Devdas. Directed by Sanjay Leela Bansali, Mega Bollywood Pvt., 2002.

In this 2002 film adaptation of the 1917 novel of the same name, the protagonist Devdas is about to return home after 10 years of law school in England. Devdas’s mother, Kaushalya Mukherjee, tells her poor neighbour Sumitra, who is overjoyed. Sumitra’s daughter Paro and Devdas are loving childhood friends. Both families believe Devdas and Paro will get married, but Devdas’s conniving sister-in-law reminds Devdas’s mother, Kaushalya of Paro’s “inappropriate” maternal lineage of nautch girls.

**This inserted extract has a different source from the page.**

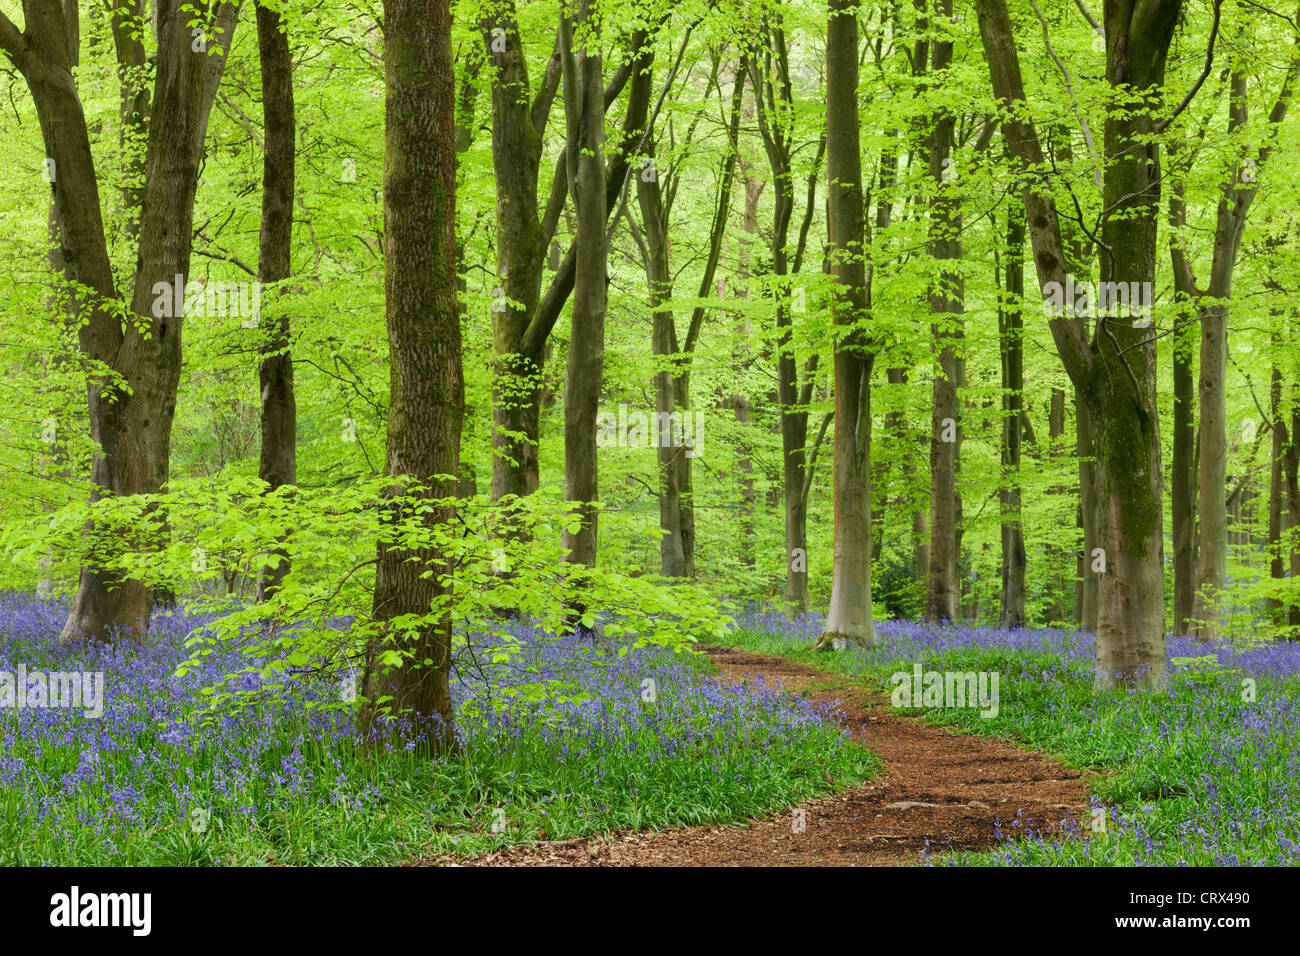 Tapis de jacinthes des bois de hêtre, dans un bois de l'Ouest, Wiltshire, Angleterre. Printemps (mai) 2012. Banque D'Images

Heartbroken by his family’s rejection of Paro, Devdas leaves his parents’ house and takes refuge at a brothel, where he becomes an alcoholic and where a good-hearted tawaif named Chandramukhi falls in love with him. Eventually he becomes desperate to return to Paro, but a number of tribulations stand in the way of Devdas, Paro, and Chandramukhi’s ideals.

Notable Elements

  • Develops a positive sisterhood between Chandramukhi and Paro, rather than following the common film trope of situating women as hostile or antagonistic to one another
  • Challenges the Mukherjees’ arrogance about their wealth as well as their double-standards about tawaifs: “Aristocrats’ lust creates the bastards they scorn!” “You [rich people] act high and mighty, but you sell your daughters for bride prices!” “The money you flash around lays at harlots’ feet!”

Questions to consider:

  • If the film in some ways tries to challenge anti-nautch attitudes; what is the significance of the fact that the lowest points of Devdas’s life occur in a brothel, or that mostly evil men go to see tawaifs?
  • Numerous characters shame women for their supposed sexuality. Overall, does it appear like the film to some degree condones this shaming?
  • What dimensions of sympathy do we have for Devdas? What about Paro? How culpable are they in their fates?